Profound a question as it may be, "where are you Christmas?" is not the one on the lips of those most troubled among us. No, many skip the appetizer for the main course, begging the question "Where are You God?" Where is God during tragedy of this magnitude? Where was God when the gunman mercilessly mowed down those children? Depending on who you ask, the answer might be that God has abandoned us because we habitually push Him away with our national policy and practice. Former Arkansas Governor Mike Huckabee, for example, famously claimed that we have "systemically removed God" from schools such that it is no surprise God was absence for this tragedy. I, for one, cannot reconcile this claim with the God portrayed in Scripture, who pursues us persistently and ferociously. God is not in the business of abandoning Their rebellious children, and to claim They would punish our most innocent one for a handful of political policies, I simply cannot accept.

"The senseless killing of 20 children and their teachers and principal at Sandy Hook Elementary School was not part of God's grand plan. It was a thwarting of God's plan. It was the misuse of human freedom. Why then did God not stop it? For the same reason he does not stop you from texting and driving, or living selfish and self-absorbed lives; the same reason he allows us to ignore the poor, or to cheat on our spouses or to abuse power: because the freedom to make choices is an essential part of what it means to be human." - Adam Hamilton.


As my dear friend Sam reminded me a few days ago, our foul choices do not cancel out God's goodness. A God who allows us to choose life apart from Themself must also allow us to make our own decisions, wayward as they may be. And if this is true, God does not suddenly flee when we give into the inhumanity of sin; God is just hidden for the moment. That said, while it may not be impossible to believe in God's goodness in the midst of such injustice, it certainly feels like a remote dream that we might experience it. "Where are you God?" may not be an expression of doubt so much as a sincere request. Where can we find You, oh hidden God, when You seem a world away?

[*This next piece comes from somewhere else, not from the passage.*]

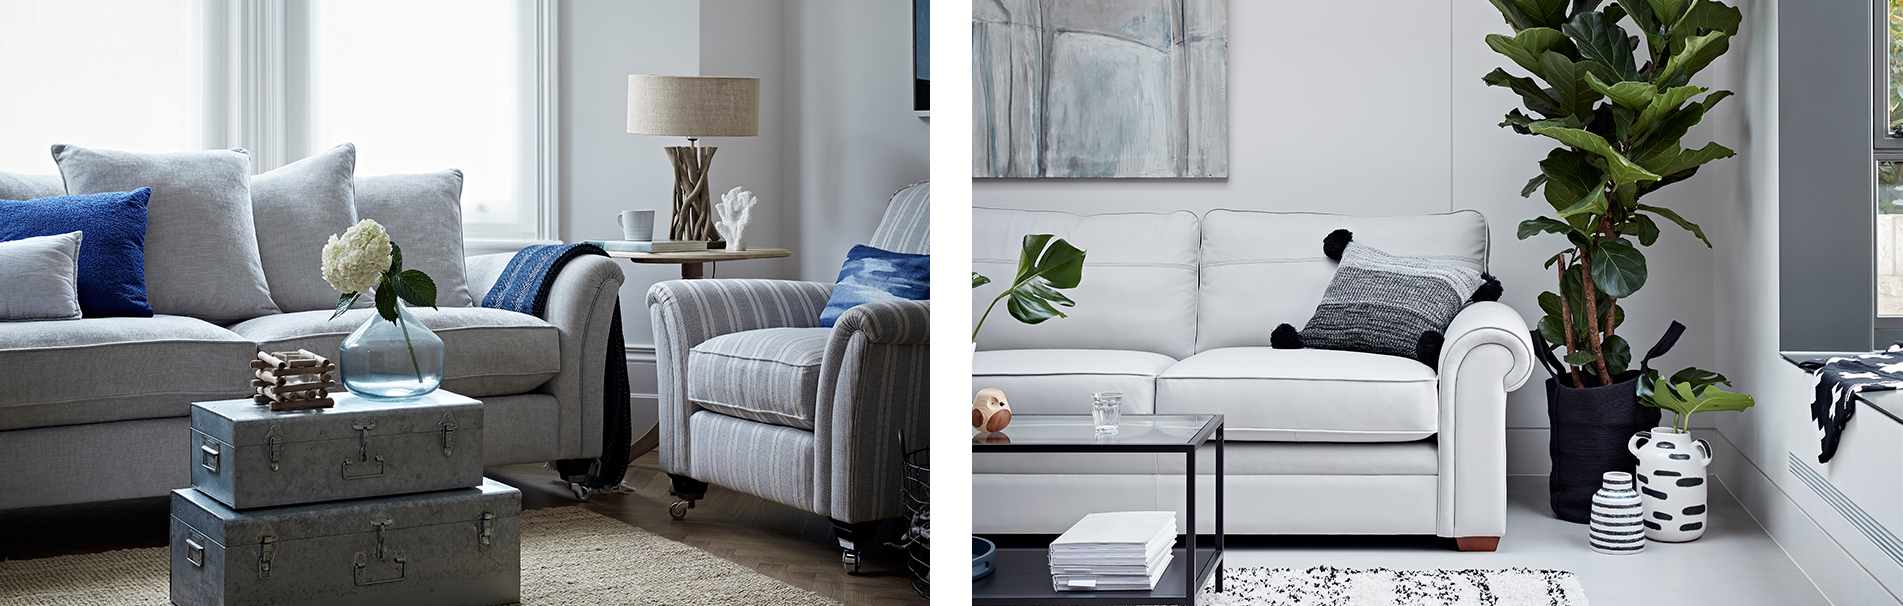 Fabric or Leather sofa: which should I choose?

Interestingly and beautifully, the answer to the first of these two questions might actually provide the key to the second. We can seek God aided by the beauty and hope of Christmastime.

We in the Protestant tradition don't do much with the church calendar, but for thousands of years Catholics and Orthodox believers have, in anticipation of Christmas day, celebrated Advent season. This is a time of expectant waiting, in which we experience solidarity with our historical brethren, the Israelites who waited on the Messiah to free them from Roman oppression.

Advent is a time of solemn reflection and persistent hope in the face of overwhelming obstacles and seemingly hopeless causes, and I can think of no themes more necessary for our current milieu than these. During Advent time we wait for God to show up, trusting God will because God has before and has promised to again.

Advent is the conscious choice to hope in spite of all evidence to the contrary. It is counter-intuitive, counter-cultural and counter-logical, but it is in such paradox that its beauty resides. It is so easy to let go of hope and faith. It is a simple response to life's biggest mysteries. But I, for one, have just about had my fill of simple answers.

"Advent is not for the naïve. Because in spite of the dark and cold, we see light—you look up, or you make light, with candles, trees. And you give light. Beauty helps, in art and nature and faces. Friends help. Solidarity helps. If you ask me, when people return phone calls, it’s about as good as it gets. And who knows beyond that." - Anne Lamott.

Advent means that Christmas is coming even if it ought to have given up the ghost long ago (Christmas is stubborn that way). And let us not forget for a moment what Christmas means, how miraculous and precious it is. Christmas says that God shows up, that God comes down and incarnates, lives with us, alongside us. That God is not absent after all, but tangibly present. Why an infinite God might clothe Godself with finitude just to take a closer walk with us is beyond me, but it brings tears to my eyes all the same.

Christmas means the star actually leads to the God-child, and the journey will turn out to have been worthwhile.


"But Mary treasured up all these things and pondered them in her heart."